Dante's depiction of him influenced later literary works. In her epic poem Cœur de Lion (1822), Eleanor Anne Porden portrays him fomenting discord in the Third Crusade and, because of his remorse over his involvement with Richard's imprisonment, becoming a hermit. He also figures as a minor character in Maurice Hewlett's novel The Life and Death of Richard Yea-and-Nay (1900), depicted unflatteringly. He is described as "a man of hot blood, fumes and rages", with "a grudging spirit". One character dismisses him thus: "Great poet he was, great thief, and a silly fool."

His memory was better served by Ezra Pound, who translated some of his songs and also based several original poems around him and his works, notably Na Audiart (1908), Sestina: Altaforte (1909), and Near Périgord (1915). There are also allusions to him in some of the Cantos. Via the influence of Pound's Na Audiart, he is also mentioned in Sorley MacLean's poem, A' Bhuaile Ghreine (The Sunny Fold).

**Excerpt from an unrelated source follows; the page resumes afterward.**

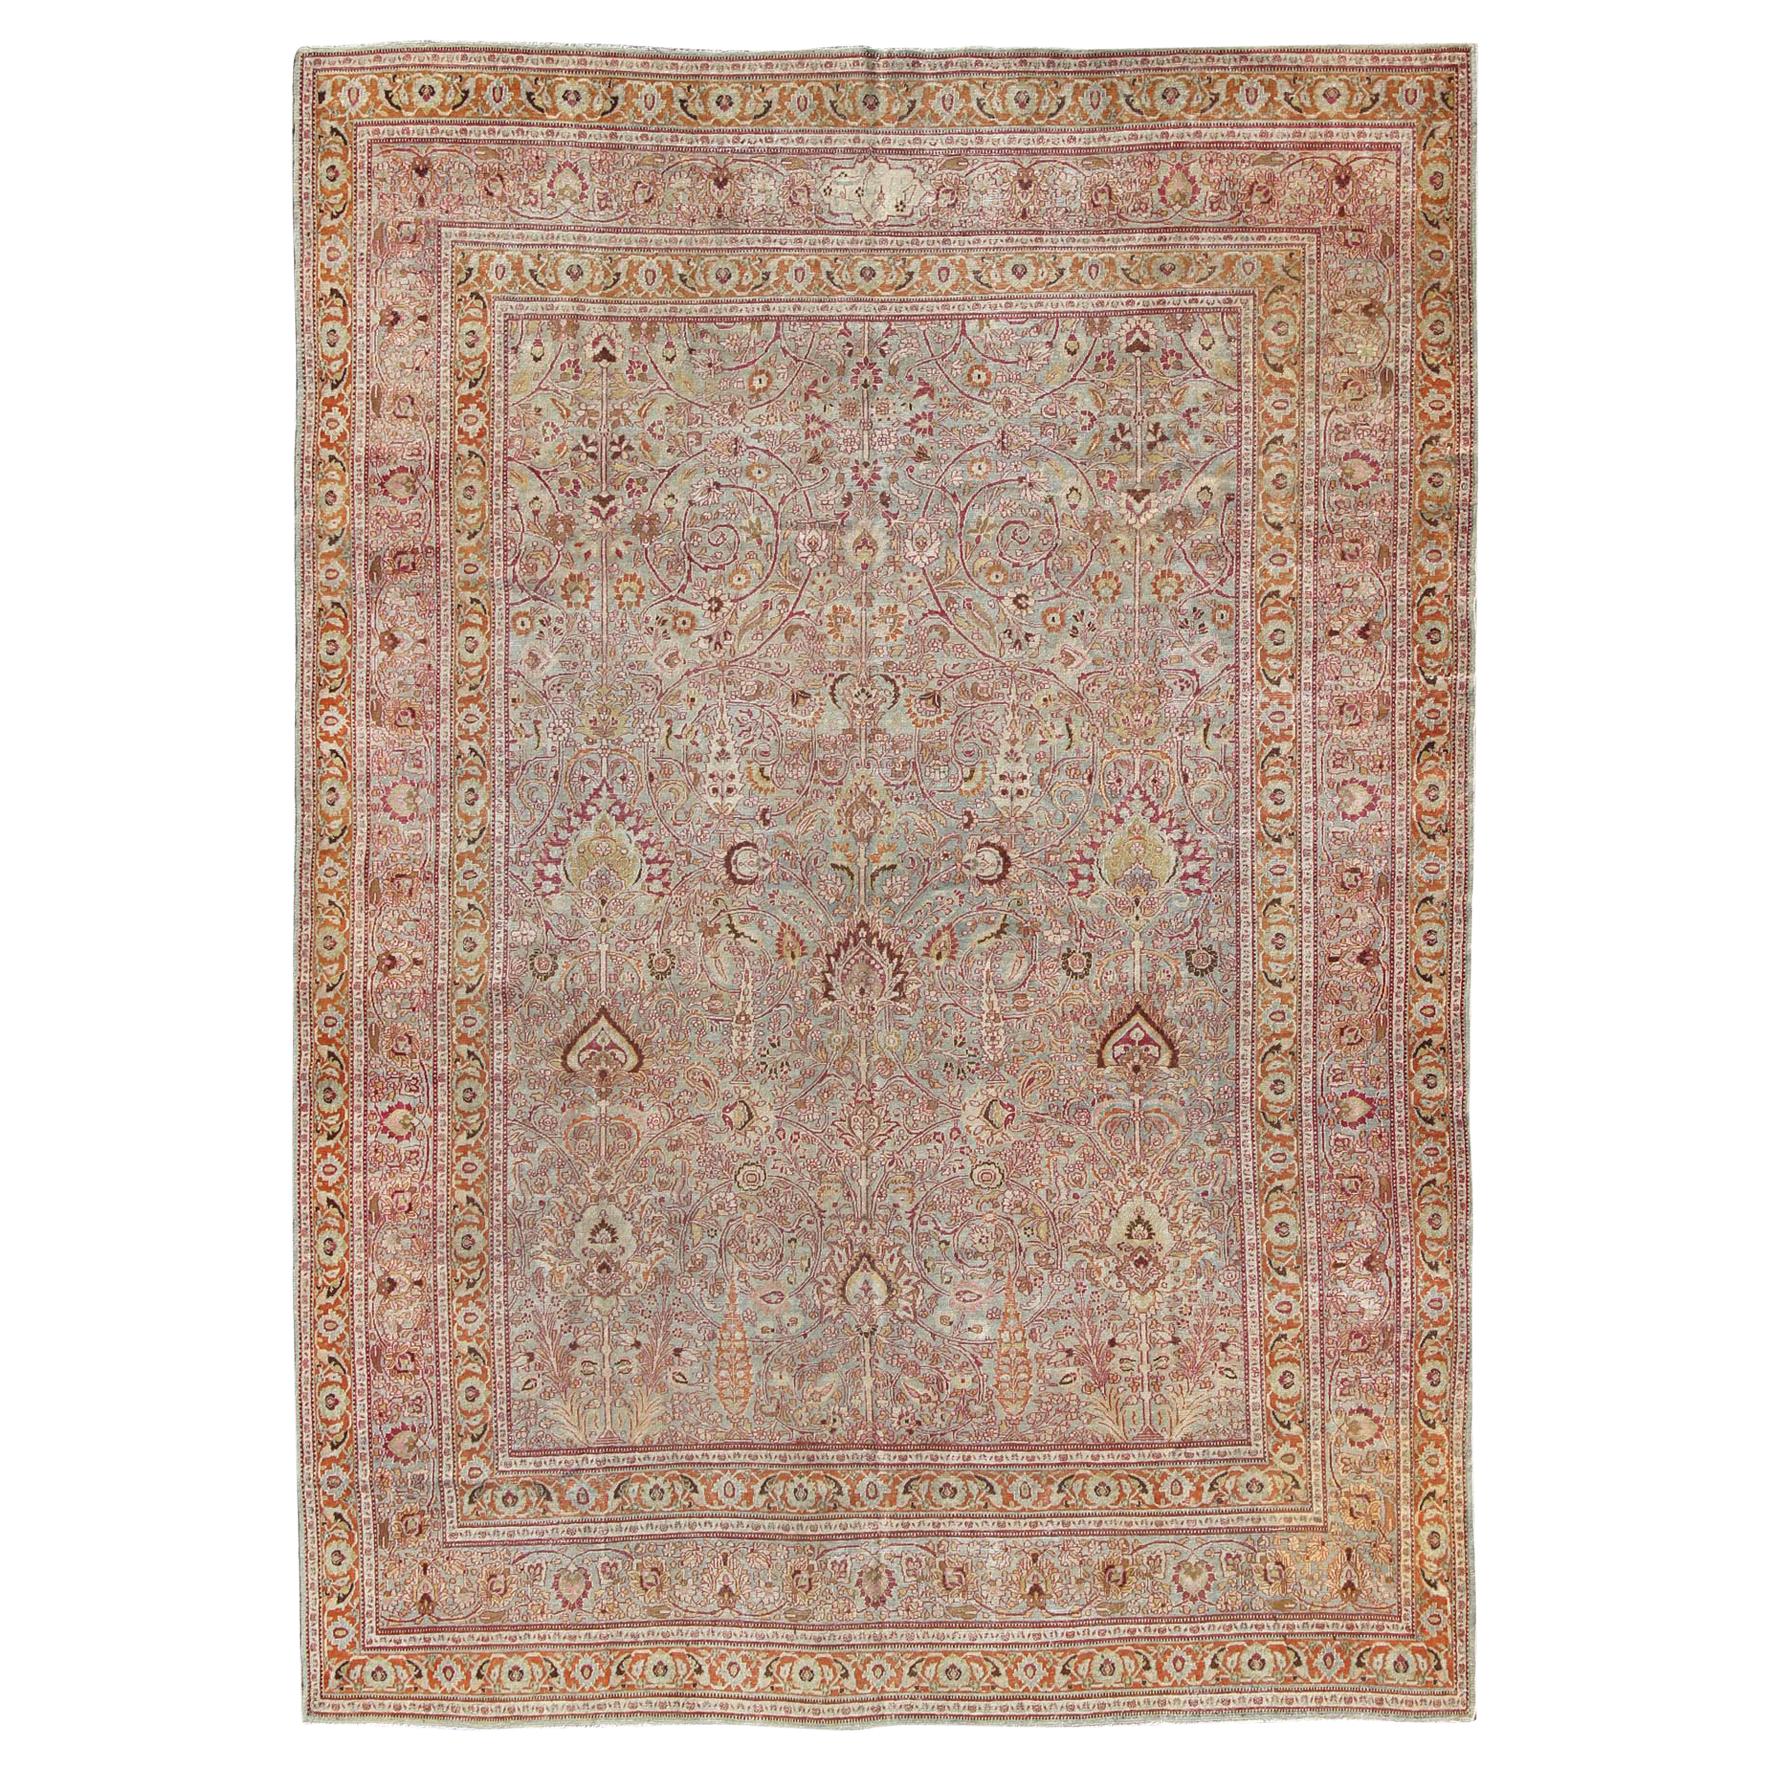 Antique Persian Khorassan Rug with All-Over Floral Design in Orange, Red, Pink For Sale

He was the subject of a 1936 play Bertran de Born by Jean Valmy-Baisse, to which Darius Milhaud wrote incidental music. He later reworked the music into his Suite provençale.

Paul Auster mentions De Born in his novel Invisible (2009), where the main character meets a Frenchman named Born, and corrects a translation of one of Bertran's war poems. This appeared before as a translation by Paul Auster, in The Nation.